## Assignment:
Give the listing back in full, exactly as written, with the pictures removed.
--- Source data ---
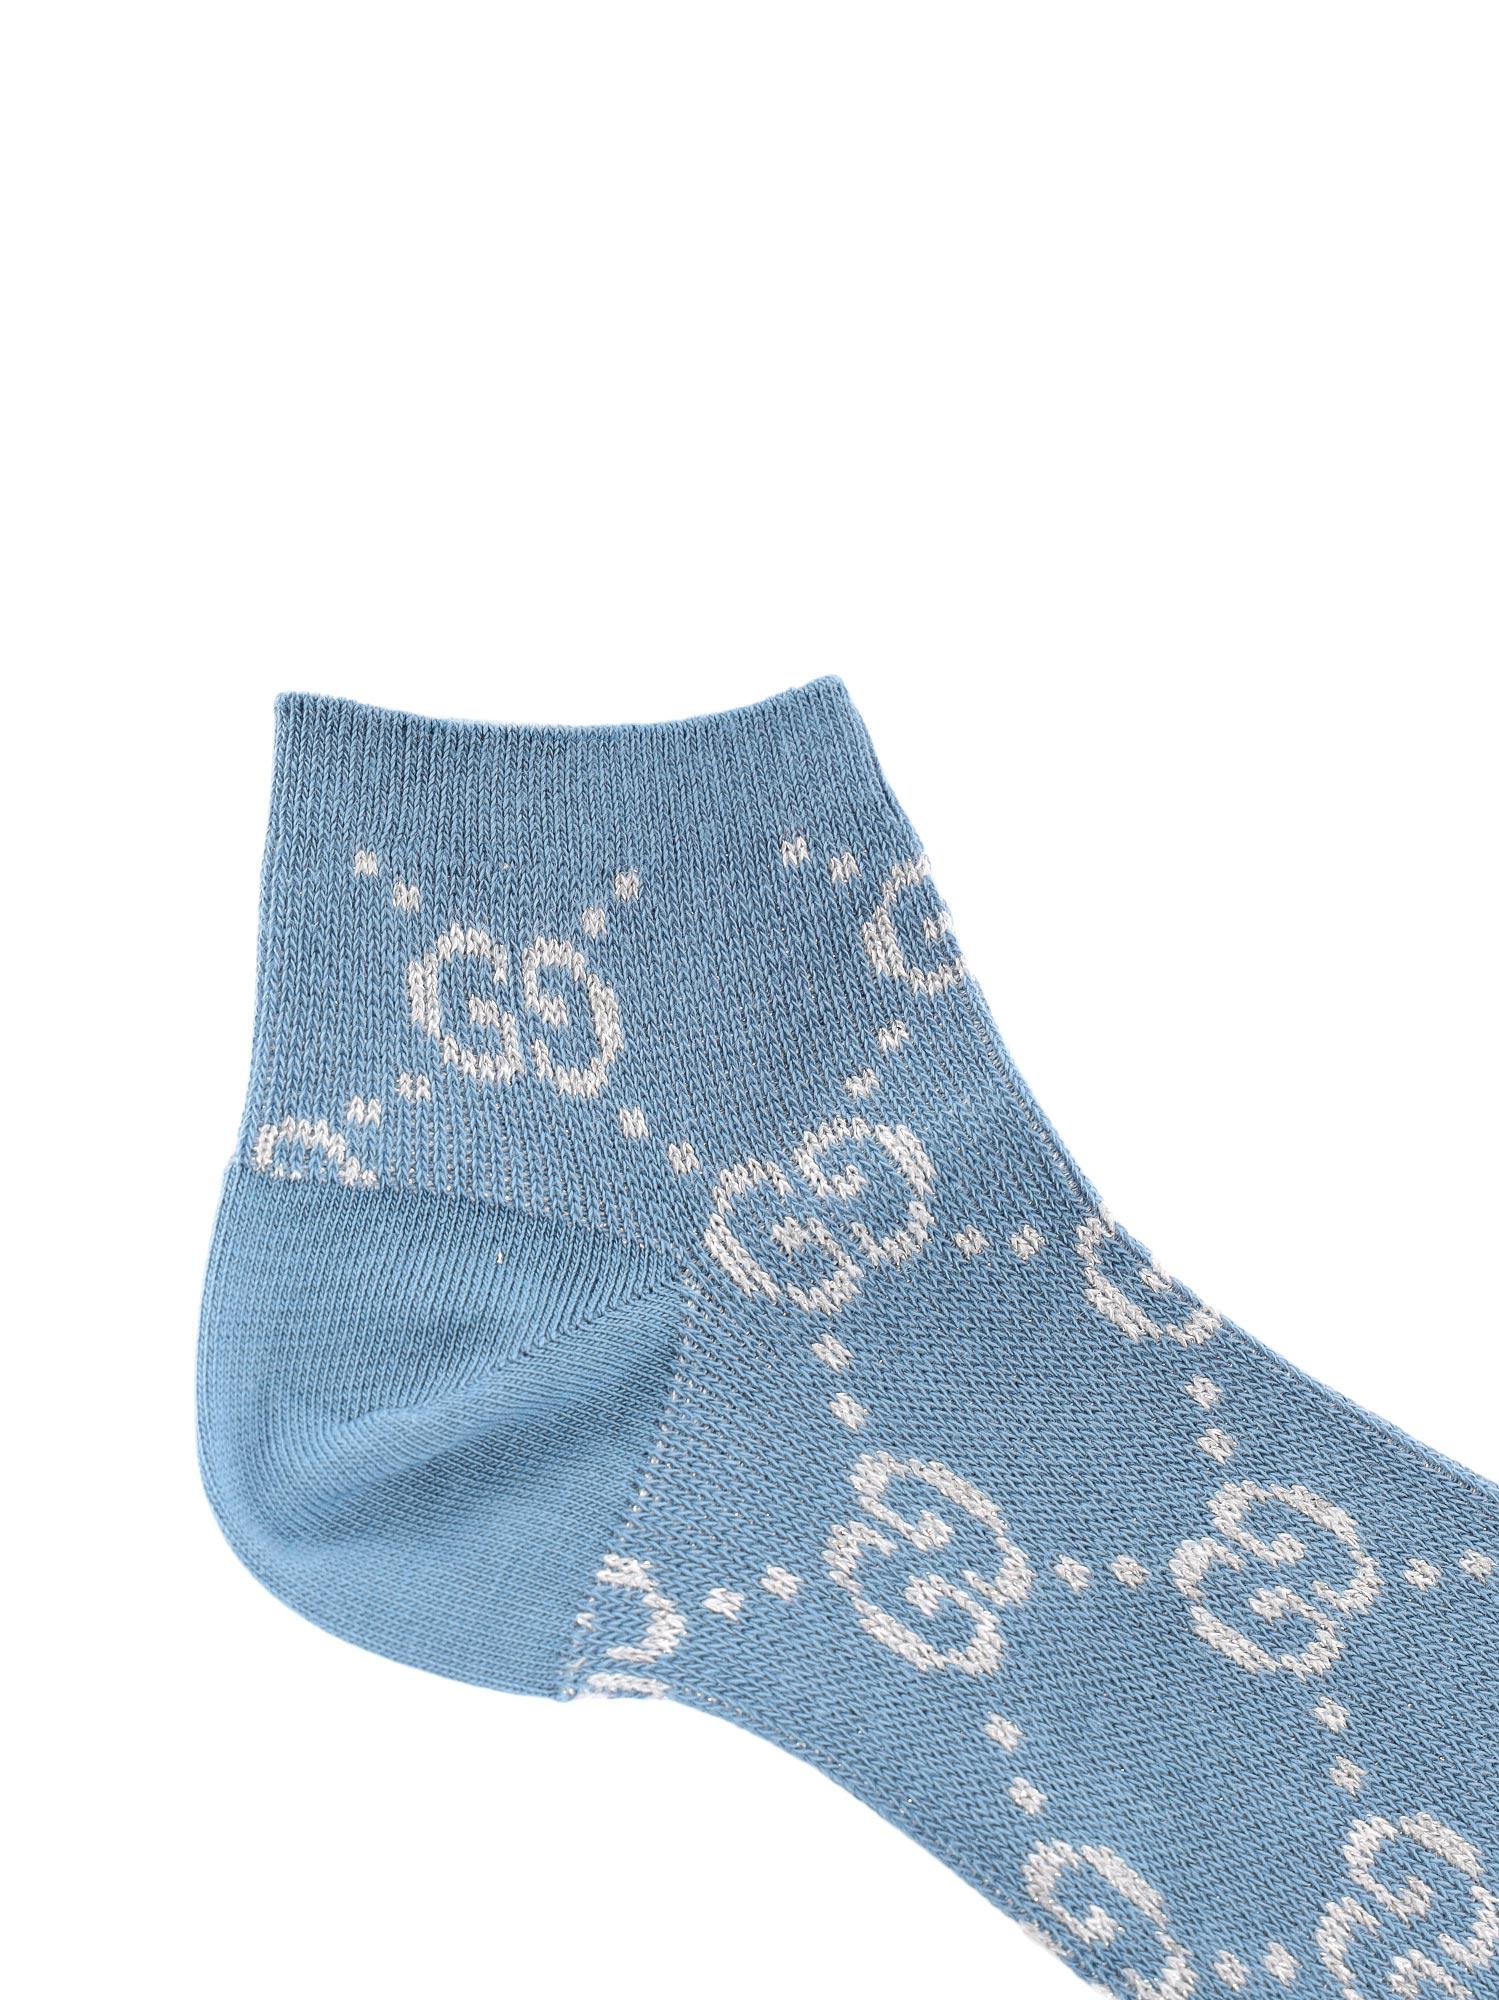 Gucci Metallic GG Supreme Socks in Blue | Lyst
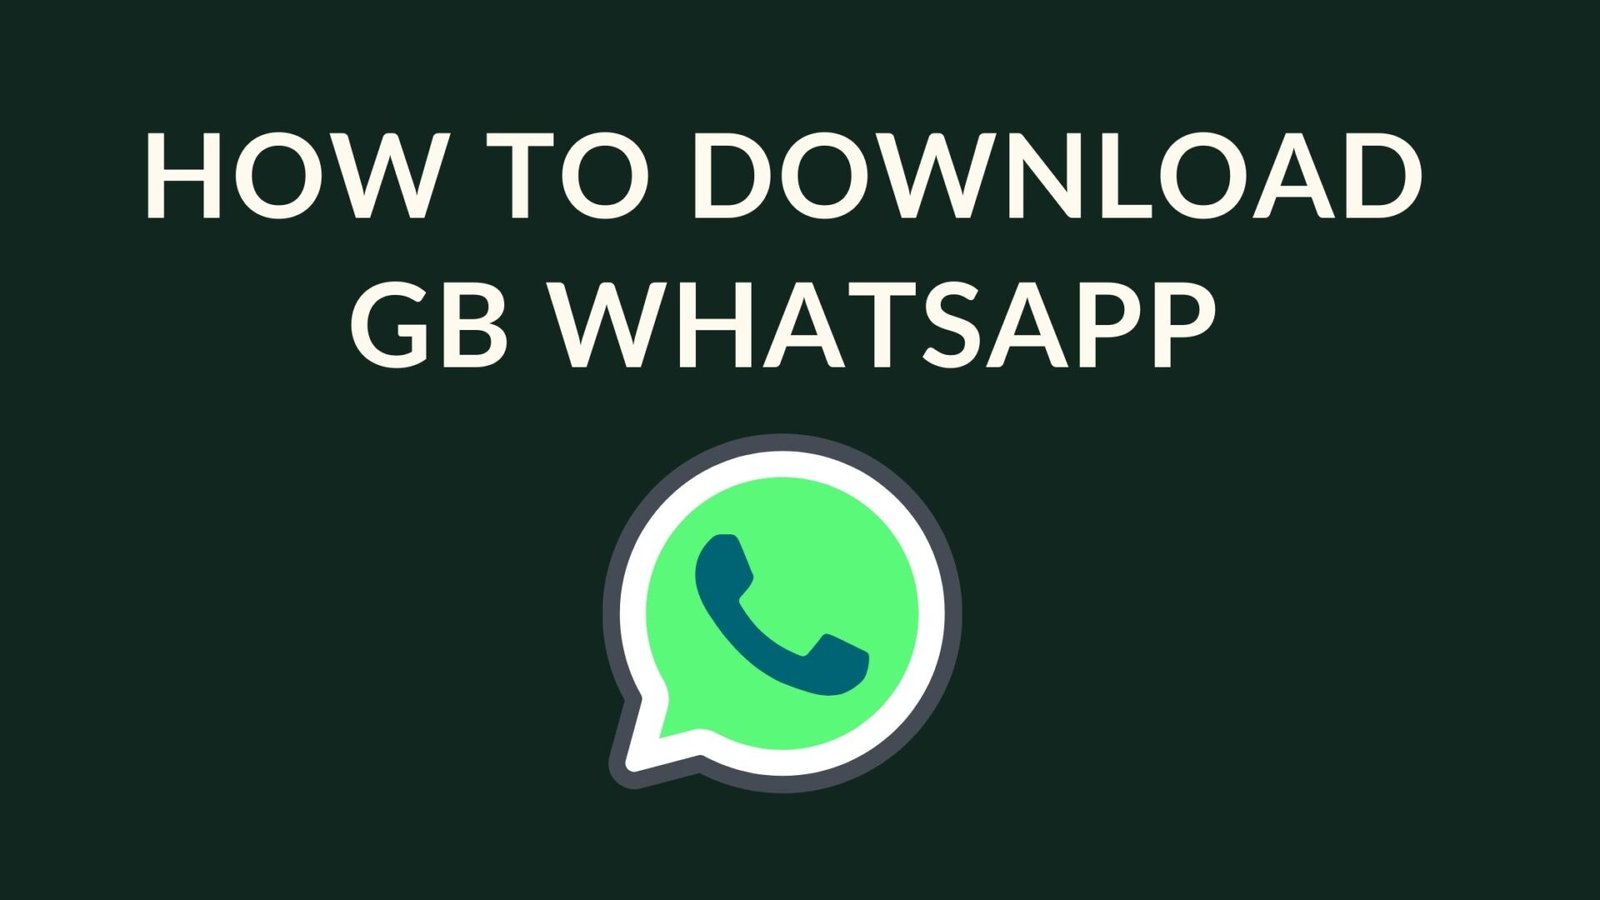 gb whatsapp ios download 2021
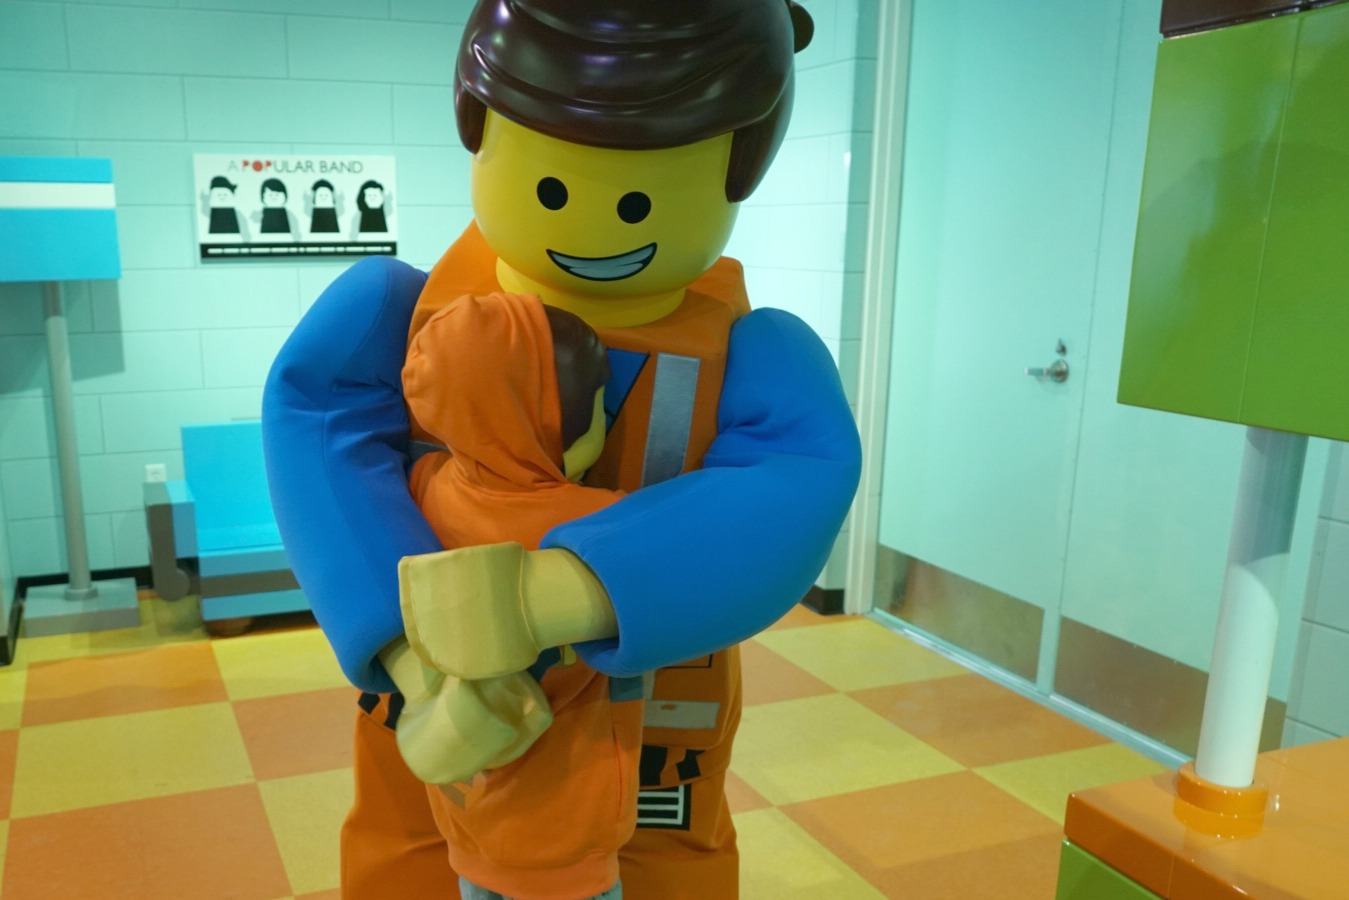 Legoland character meet and greet
---
## Result for this task:
 Gucci Metallic GG Supreme Socks in Blue | Lyst
 gb whatsapp ios download 2021
 Legoland character meet and greet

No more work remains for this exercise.